Brief Title: Gemcitabine and Oxaliplatin for Hepatocellular Carcinoma With Platelet Counts Greater Than 100,000 Per Microliter

Official Title: Single Arm, Non Randomized Phase II Trial of Gemcitabine and Oxaliplatin (GEM-OX) for Hepatocellular Carcinoma (HCC) Patients With Platelet Counts Greater Than 100,000 Per Microliter.

Study ID: NCT00250822

Conditions

Liver Cancer

Interventions

Gemcitabine and Oxaliplatin

Study Description

Brief Summary: To determine the primary end point response rate of the combinations of Gemcitabine and Oxaliplatin (Gem-Ox) in the treatment of hepatocellular carcinoma (HCC) in patients with platelet counts greater 100,000 per microliter in a single arme Phase II trial. To determine the toxicity profile of this regimen To determine the effect of this treatment on patient survival, time to treatment failure, time ot progression, time to response.

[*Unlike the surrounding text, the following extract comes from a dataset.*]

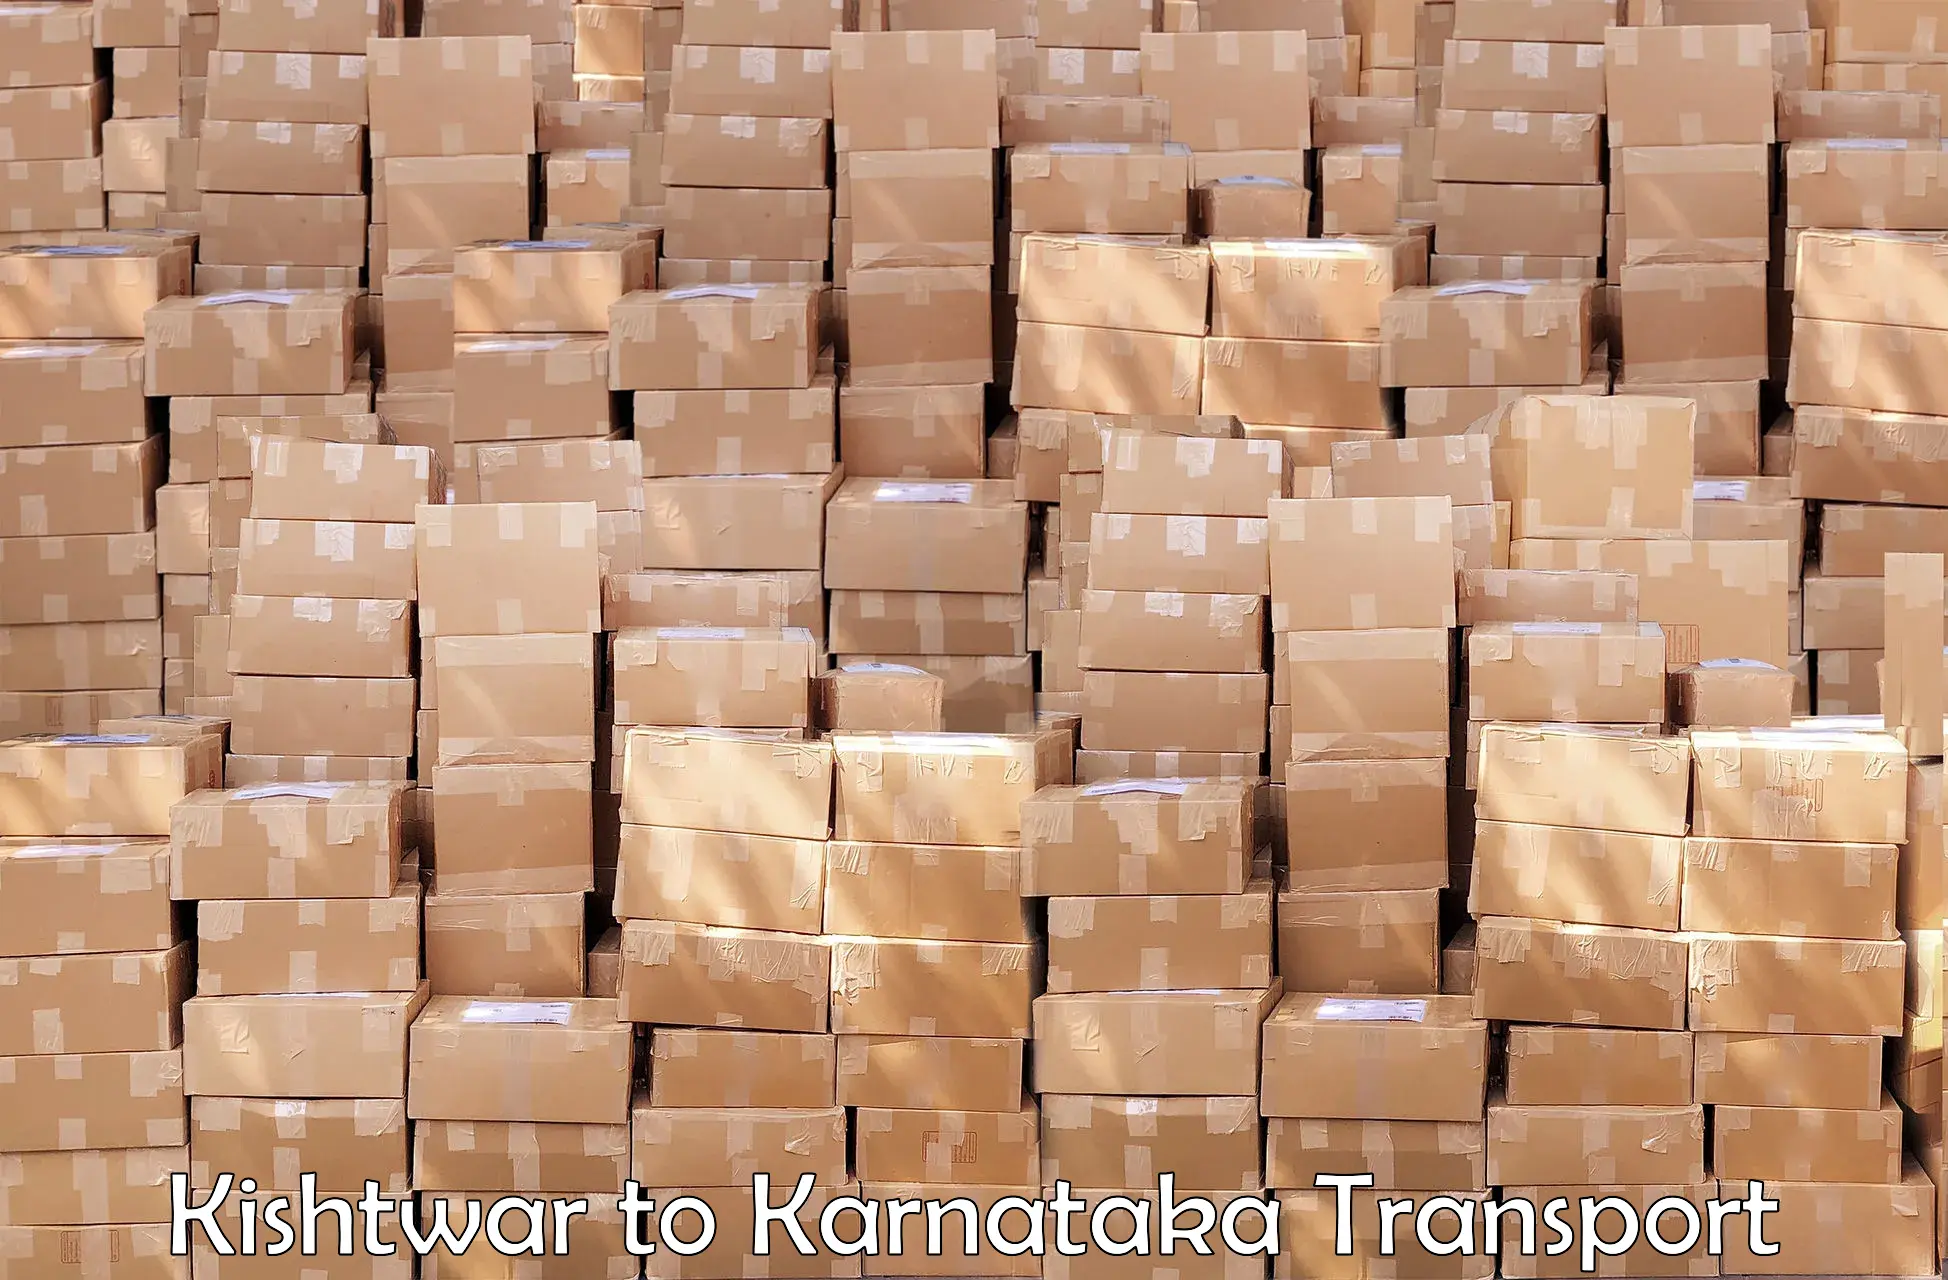 Goods delivery service Kishtwar to Bangalore

Detailed Description: The treatment plan is a two-step design. Day 1 the pt will receive Gemcitabine IV and Day 2 the pt will receive Oxaliplatin IV. This treatment cycle is repeated approximately every 28 days. Subsequent treatment cycle dosages are based on toxicity diaries and lab work results. CT scans are repeated every 2 treatment cycles. Continuation in the study is dependent upon tumor response.